With my Mother’s Itch : SHAPEin’ AfroWomanist Artivism
Chelenge Van Rampleberg’s ‘Long Way Home’ and Poems by Luceille Clifton
In her book, In Search of Our Mothers’ Gardens, Alice Walker, coined womanism as being “to feminist as purple is to lavender”; a womanist is “a black feminist or feminist of color, with outrageous, audacious, courageous, and willful behavior…committed to survival and wholeness of entire people, male and female”, who “loves music. Loves dance. Loves the Spirit. Loves love and food and roundness. Loves struggle. Loves the Folk” [1]. Along this vein, shape, line, texture, light and shadow are visual languages in Chelenge’s sculptures that engage with the poems of Lucille Clifton on matters of motherhood, womanhood, justice, environment, and memory.
[1] Alice Walker, “Dear Reader,” In Search of Our Mothers’ Gardens. (San Diego, Harcourt Brace Jovanovich, 1983), 10.

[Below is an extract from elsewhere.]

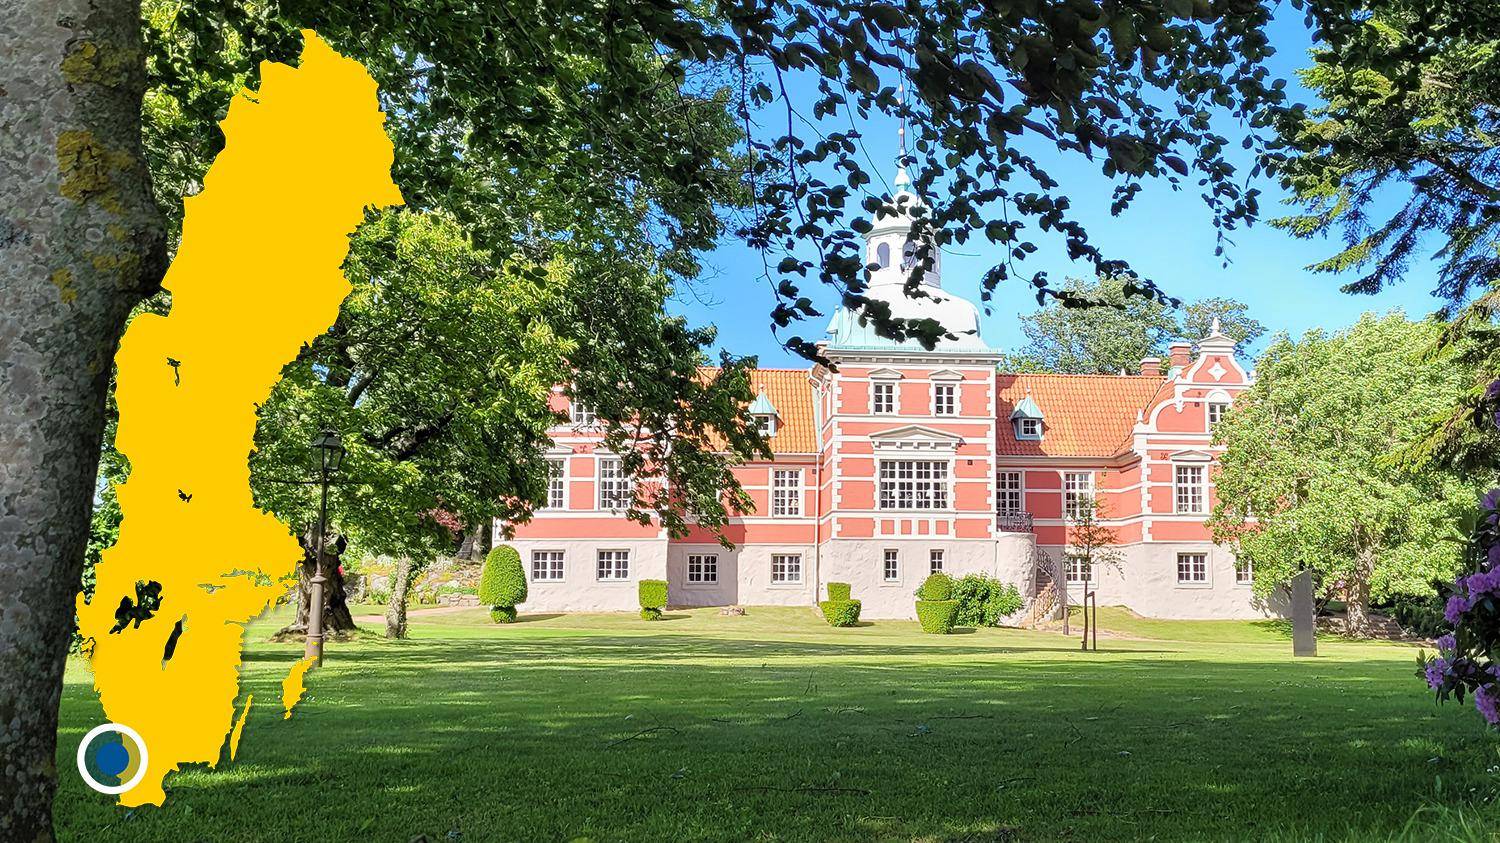 A green lawn with trees and shrubs in front of a mansion with a stone base and red facade. There is a yellow map of Sweden with a blue dot that marks the location of Stubbarp.

The sculpture above is titled, My Mum and I (Mama Yangu na Mimi), from 1985, and is made of Avocado (Mparachichi) wood from Van Rampleberg’s family lands. The mother’s itch described by womanist poet and mother, Lucille Clifton, is imprinted, wrinkled, scratched and nicked into the surface of the light avocado wood. In Chelenge’s sculpture, the mothers upward gaze and open mouth convey a feeling of love-led burden, the weight and responsibility of devoted love between mother and cild. She sculpts a child cradled snugly against its mothers chest to breastfeed, carving one branch into two joined bodies. Shape and line offer the nursing child like a new sprout from its mothers chest, modeling the miracle of two bodies becoming one. The child’s hand presses deep into the mothers side creating wrinkle lines, Chelenge’s use of shape and line suggest that mother and child impact each other, that the memories we hold leave traces on us, and that history confronts us with ourselves.
Black Beauty (Mrembo Mweusi), 2004, Sikitoi
The Man I and The Man II, pictured below, are two of Chelenge’s earliest sculptures made in 1992. Hewn from the branch of an Avocado Tree (Mparachichi), she (re)arranges physical features on faces to complicate viewers’ perception of familiar and expected facial patterns. Her use of shape to perplex passive viewing is a clever exercise to for viewers to engage in the conceptual work of visual arts to think critically about the assumptions which follow perception, and about representations of race as constitutive.
Chelenge shared remarkable artworks from the full span of her career in woodcut print, painting, and sculpture. I chose to focus on the later in my writing because her conduction of light, shadow, texture and line as a visual language both challenged and deeply inspired my viewing of sculptures and my formal analysis.